Когда в 1964 году на трон взошел король Фейсал дела Аднана Кашоги пошли резко в гору. Он стал единственным посредником по продаже американского оружия арабам. К тому времени он только приближался к своему первому миллиарду. Настоящие деньги пошли к нему после арабо-израильской войны 1973 года, когда нефть впервые резко подорожала, а все напуганные арабские страны начали лихорадочно вооружаться. В те годы Кашоги и создал свою финансовую империю, оцениваемую в 4 миллиарда долларов.

Его домом поистине был весь мир – он имел дела в 37 странах! Только огромных имений, разбросанных во всех частях света, у него было 12. Знаменито ранчо, площадью 200 000 акров в Кении, куда на охоту на львов, леопардов, слонов приезжали президенты, члены королевских фамилий и простые миллиардеры. Организация такой охоты стоит миллионы долларов и считается высшим шиком среди избранных.

 Он имел дворцы в Марбелье, которые Абрамович и Гусинский только-только обживают, дворцы на Канарских островах, столь модных в 70-х. А невиданной архитектуры апартаменты, обставленные с немыслимой роскошью: в Париже, Лондоне, Каннах, Мадриде, Риме, Монте-Карло, в прекрасном Бейруте, еще не разрушенном войной, Эр-Рияде, Джидде.

Владел он и двумя этажами роскошного небоскреба на Манхэттене.
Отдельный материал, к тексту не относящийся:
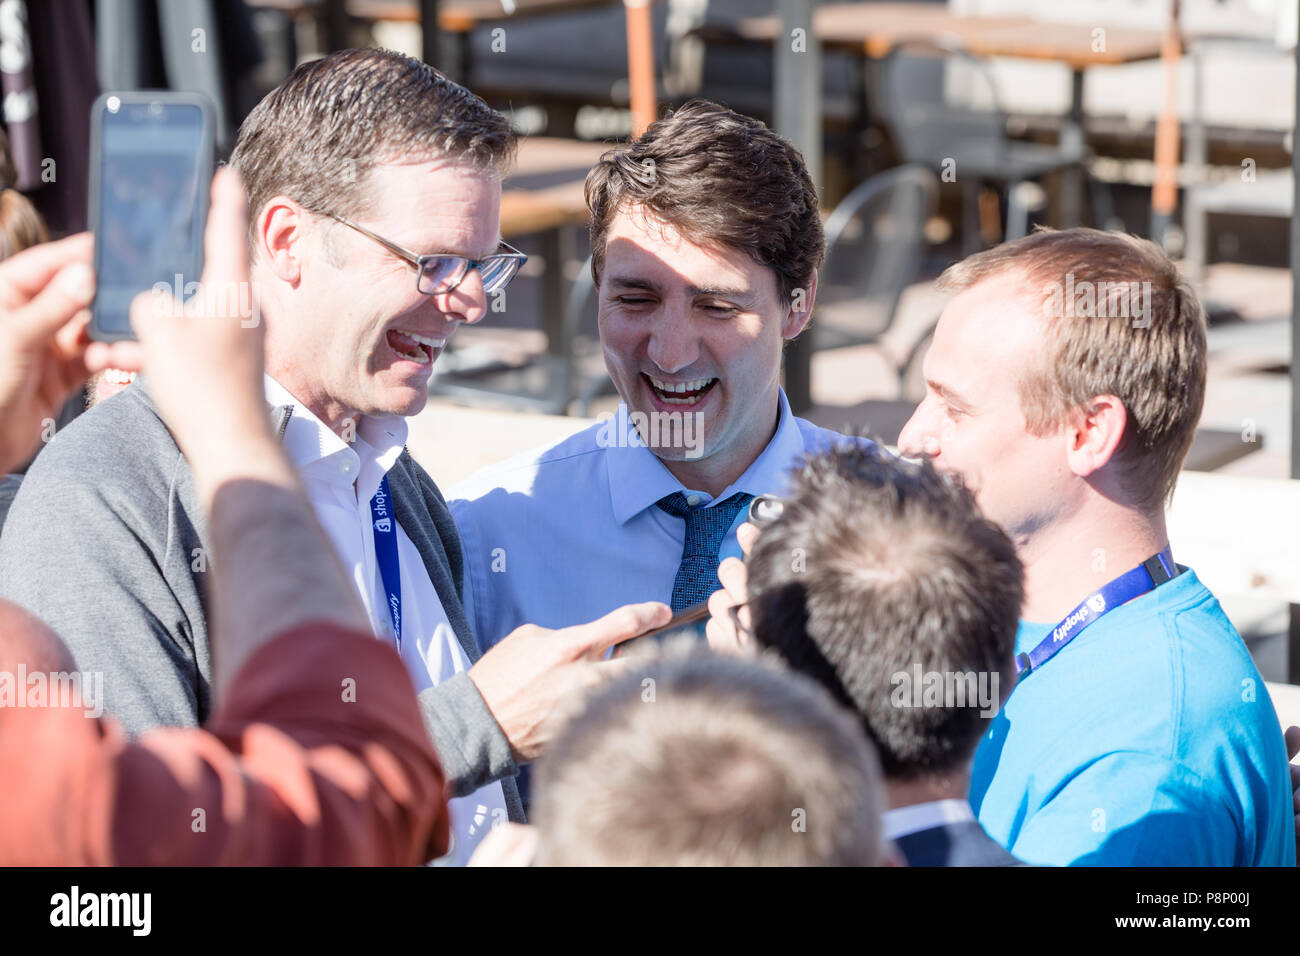 MAY 24, 2018 - TORONTO, CANADA - CANADIAN PRIME MINISTER JUSTIN TRUDEAU MEETS FANS AFTER A PUBLIC EVENT. Stock Photo

Его яхта «Набилла» с площадкой для вертолетов была столь роскошна, что затмила яхту «Британия» английской королевы, до того считавшейся эталоном величия и красоты. Да что – затмила! Ехидные журналисты писали, что в сравнении с «Набиллой» яхта королевы выглядела туристическим паромом для простолюдинов. Его автопарк, состоявший из всех известных в мире супердорогих машин, изготовленных  для Кашоги индивидуально, приближался к двум сотням!
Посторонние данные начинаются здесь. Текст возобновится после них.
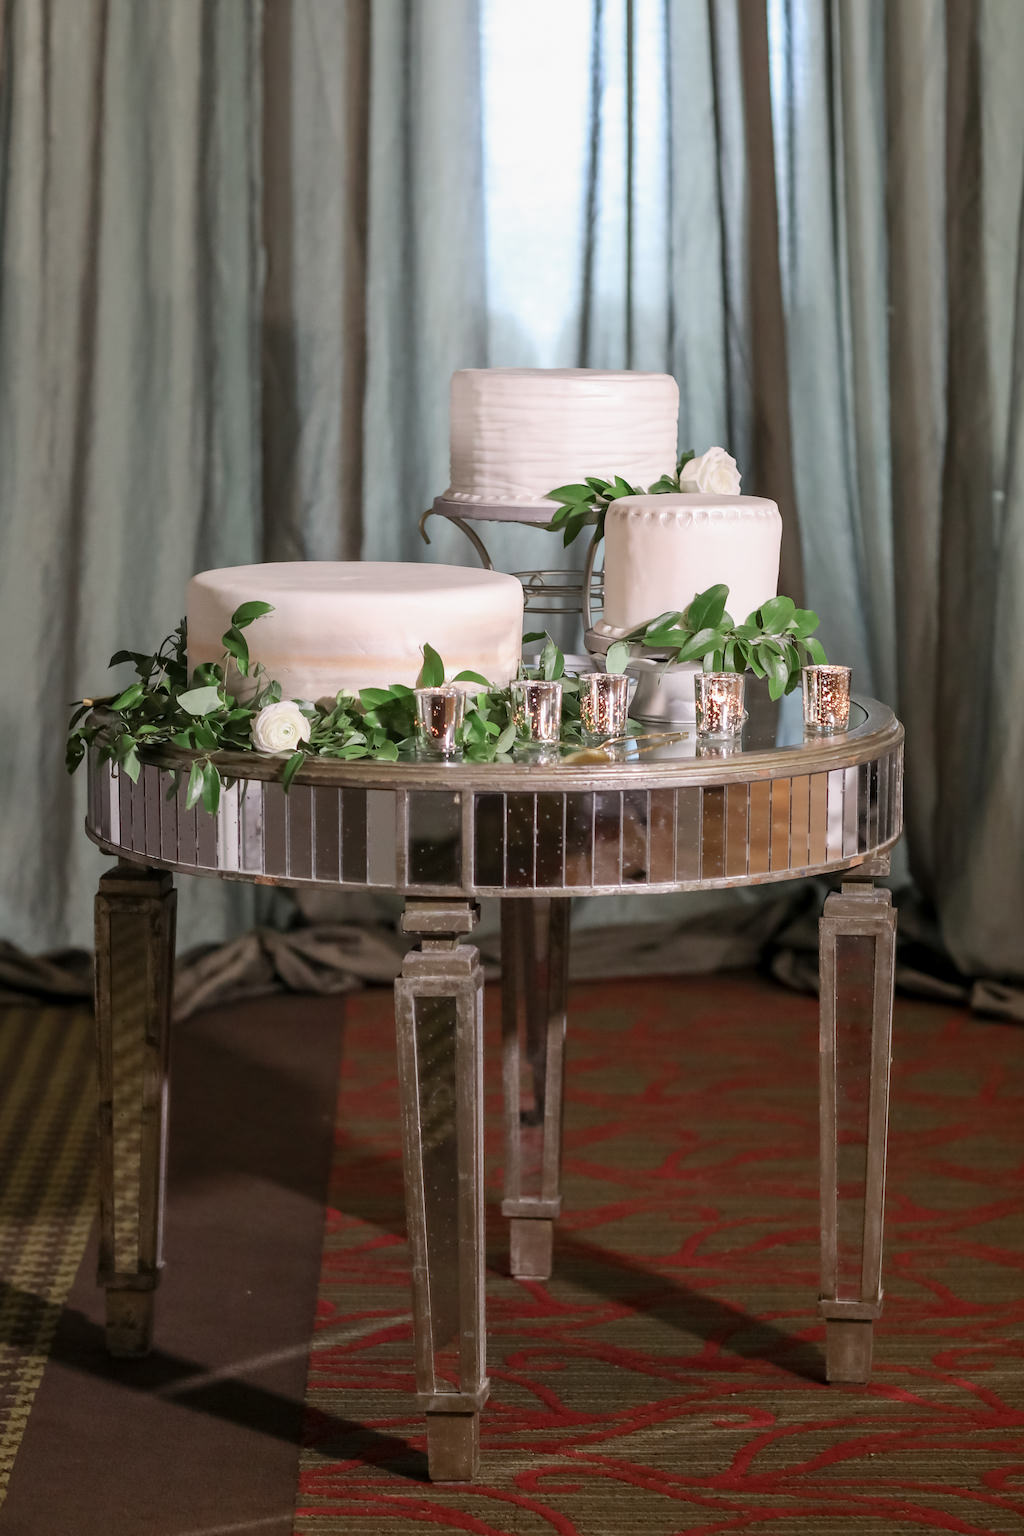 Deconstructed Three One Tier White Wedding Cakes on Various Cake Stands with Greenery and White Roses on Mirror Round Table and Silver Votives | Tampa Bay Photographer Lifelong Photography Studios | Planner Parties A'la Carte | Wedding Cake Alessi Bakeries | Rentals A Chair Affair | Florist Cotton and Magnolia

Собирал он и живопись, и антиквариат, но это отдельная тема, о его коллекции мы, наверное, узнаем только после его смерти. Об одежде, обуви, драгоценностях Кашоги как-то и упоминать неловко, все делалось в единственном экземпляре, без права повтора.

В начале 80-х он купил за 4 миллиона долларов самолет, надежный «Ди-Си-8» и переоборудовал его по своему вкусу еще на 9 миллионов. Газеты того времени взахлеб писали о соболином покрывале размером 3,5х2,5 метра и стоимостью 200 000 долларов в его спальне на борту лайнера. Писали и том, что в самолете, имевшем три спальни, гостей годами угощали только французским шампанским «Шато Марго» 1961 года, не забывая упоминать о столовом серебре и хрустале, стоимостью в миллион долларов, разумеется, сделанных для Кашоги в единственном экземпляре известными кутюрье.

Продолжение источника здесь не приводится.